Tha Peng mengatakan dia dan enam rekannya semuanya tidak mematuhi perintah pada 27 Februari dari seorang atasan, yang tidak dia sebutkan.
Pengakuan mendapat perintah untuk menembak para demonstran juga datang dari Ngun Hlei, yang mengaku ditempatkan sebagai polisi di Kota Mandalay. Dia tidak memberikan tanggal, atau menentukan apakah perintah itu adalah menembak untuk membunuh. Dia juga tidak memberikan rincian korban apapun.
Pria berusia 23 tahun itu juga hanya memberikan sebagian dari nama lengkapnya dan membawa KTP.
Ngun Hlei mengatakan dia ditegur karena tidak mematuhi perintah dan dipindahkan. Dia mencari bantuan dari aktivis pro-demokrasi online dan menemukan jalannya melalui jalan darat ke desa Vaphai di Mizoram pada 6 Maret.
“Perjalanan ke India menghabiskan biaya sekitar USD143,” kata Ngun Hlei.
Tha Peng dan Ngun Hlei mengatakan mereka yakin polisi bertindak atas perintah militer Myanmar, yang dikenal sebagai Tatmadaw. Namun mereka tidak memberikan bukti.
Menurut dokumen rahasia polisi di Mizoram empat polisi Myanmar yang menyeberang ke India setuju dengan pernyataan Tha Peng dan Ngun Hlei.
“Militer menekan pasukan polisi yang sebagian besar adalah polisi untuk menghadapi rakyat,” kata mereka.Dokumen tersebut ditulis oleh petugas polisi Mizoram dan memberikan rincian biografi keempat individu tersebut dan penjelasan mengapa mereka melarikan diri. Dokumen itu tidak ditujukan kepada orang-orang tertentu.
“Karena gerakan pembangkangan sipil mendapatkan momentum dan protes yang diadakan oleh pengunjuk rasa anti-kudeta di berbagai tempat, kami diperintahkan untuk menembak para pengunjuk rasa,” kata mereka dalam pernyataan bersama kepada polisi Mizoram.
“Dalam skenario seperti itu, kami tidak punya nyali untuk menembak orang-orang kami sendiri yang merupakan demonstran damai,” kata mereka.
Pengakuan berbeda datang dari Dal. Pria berusia dua puluh empat tahun mengatakan dia telah bekerja sebagai polisi Myanmar di kota pegunungan Falam di barat laut Myanmar.
Pekerjaannya sebagian besar bersifat administratif, termasuk membuat daftar orang-orang yang ditahan oleh polisi.
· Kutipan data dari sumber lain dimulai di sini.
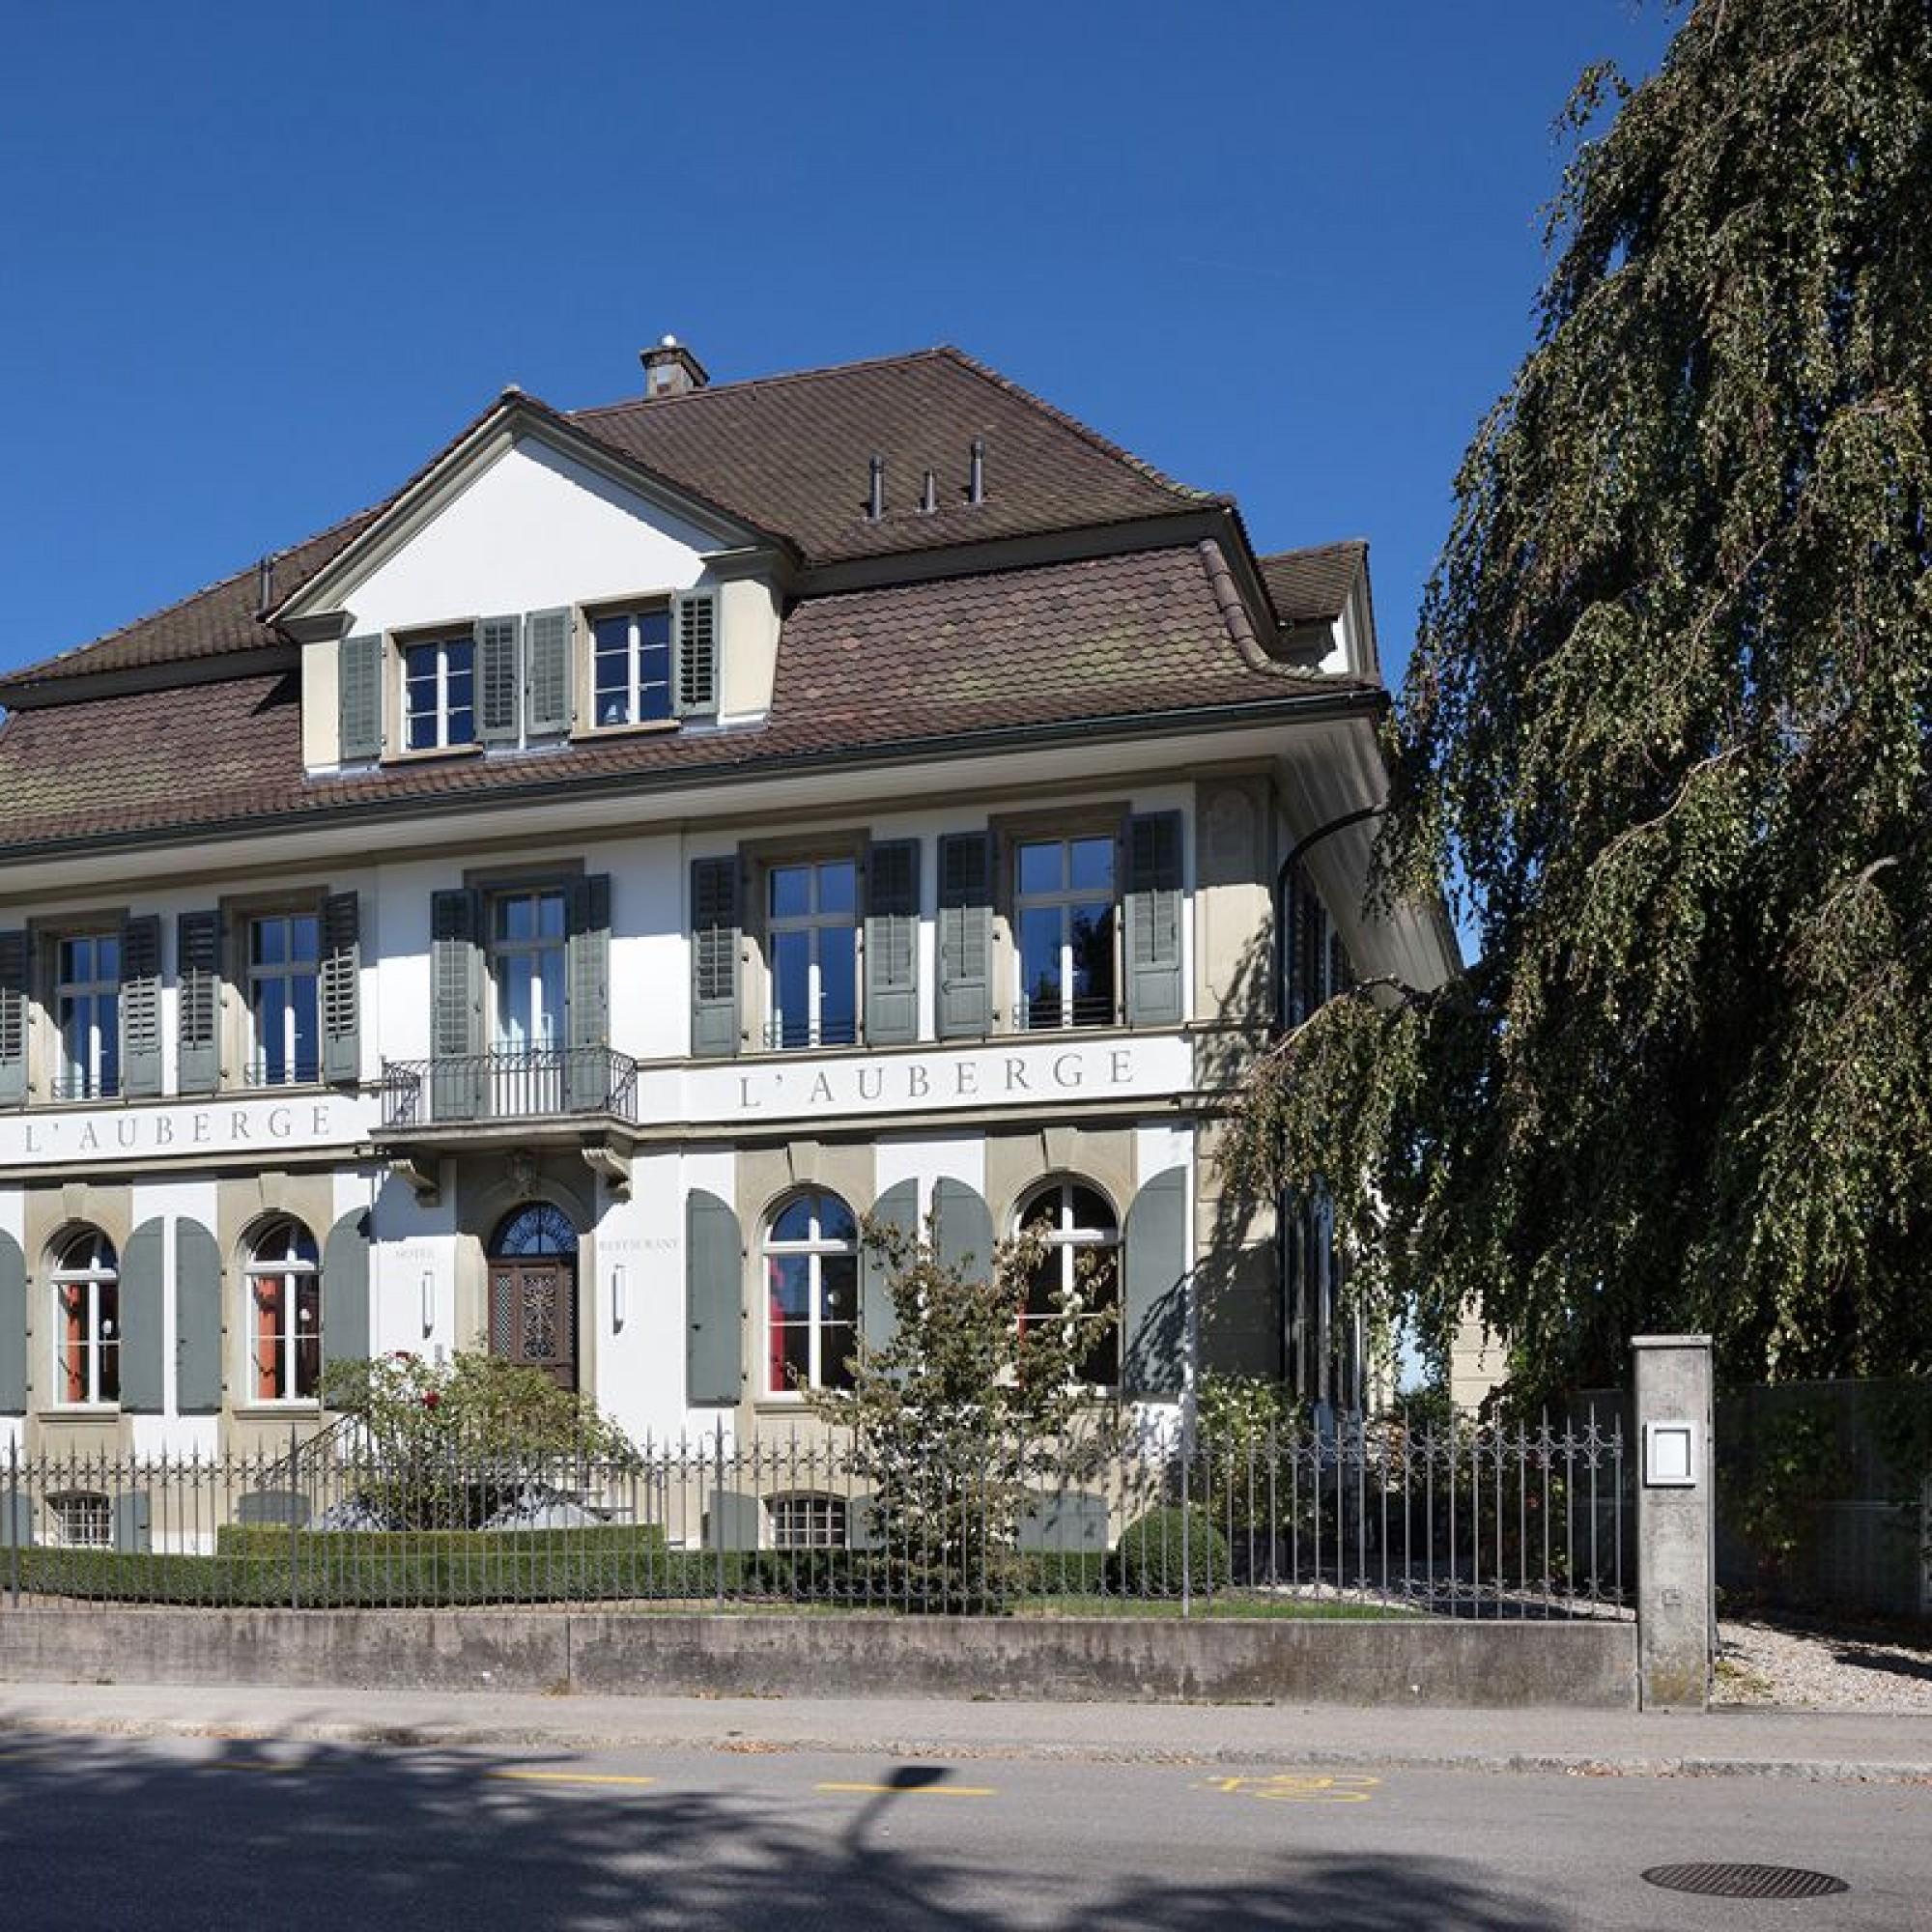 Zwischen dem Bahnhof und dem Zentrum bildete sich ab 1860 ein stattliches Villenquartier aus. Im Bild die zum Hotel und Restaurant umfunktionierte klassizistische Villa an der Murgenthalstrasse.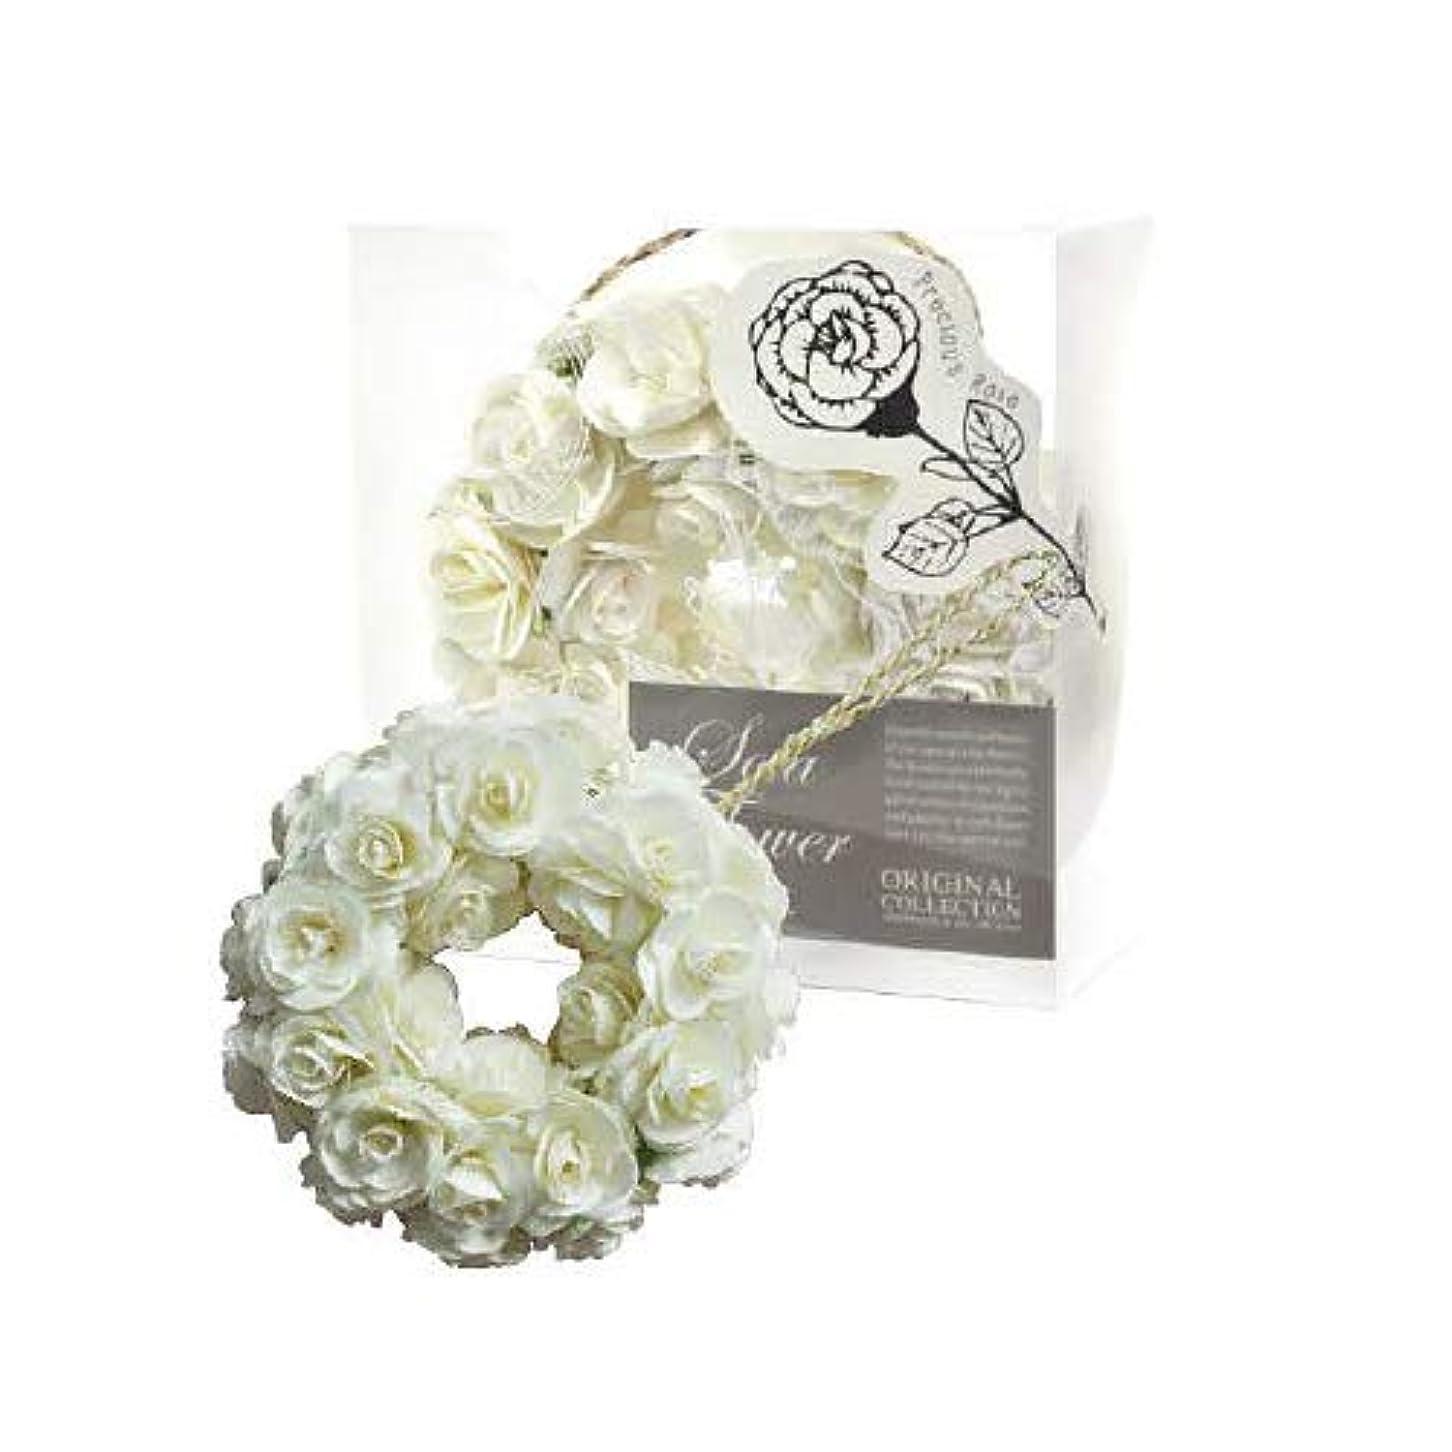 本体表向き付与new Sola Flower ソラフラワー Wreath リース Precious Rose プレシャスローズ

Tetapi ketika aksi protes membesar setelah kudeta, dia mengatakan dia diperintahkan untuk mencoba menangkap pengunjuk rasa perempuan – sebuah perintah yang dia tolak.
Khawatir dipenjara karena berpihak pada para pengunjuk rasa dan gerakan pembangkangan sipil, dia mengatakan dia memutuskan untuk melarikan diri dari Myanmar.
Menurut ketiga anggota polisi Myanmar itu ada dukungan substansial bagi pengunjuk rasa di dalam kepolisian.
“Di dalam kantor polisi, 90% mendukung pengunjuk rasa tetapi tidak ada pemimpin yang mempersatukan mereka,” kata Tha Peng, yang meninggalkan istri dan dua putrinya yang masih kecil, salah satunya berusia enam bulan.Tha Peng mengatakan bahwa meskipun dia merindukan keluarganya, dia takut kembali ke Myanmar.
“Saya tidak ingin kembali,” katanya sambil duduk di ruang lantai pertama yang menghadap ke perbukitan hijau yang membentang ke Myanmar.
Junta militer Myanmar, yang melancarkan kudeta pada 1 Februari dan menggulingkan pemerintah sipil negara itu, tidak menanggapi permintaan komentar Reuters.
Junta mengatakan mereka bertindak dengan sangat menahan diri dalam menangani apa yang disebutnya sebagai demonstrasi oleh pengunjuk rasa huru-hara yang dituduhnya menyerang polisi dan merusak keamanan serta stabilitas nasional.
Protes harian terhadap kudeta tengah terjadi di seluruh wilayah Myanmar dan pasukan keamanan telah bertindak represif. Lebih dari 60 pengunjuk rasa telah tewas dan lebih dari 1.800 ditahan, Asosiasi Bantuan untuk Tahanan Politik, sebuah kelompok advokasi, mengatakan.
Reuters belum dapat mengkonfirmasi angka tersebut secara independen.
Di antara tahanan tersebut adalah peraih Nobel Aung San Suu Kyi, yang memimpin pemerintahan sipil.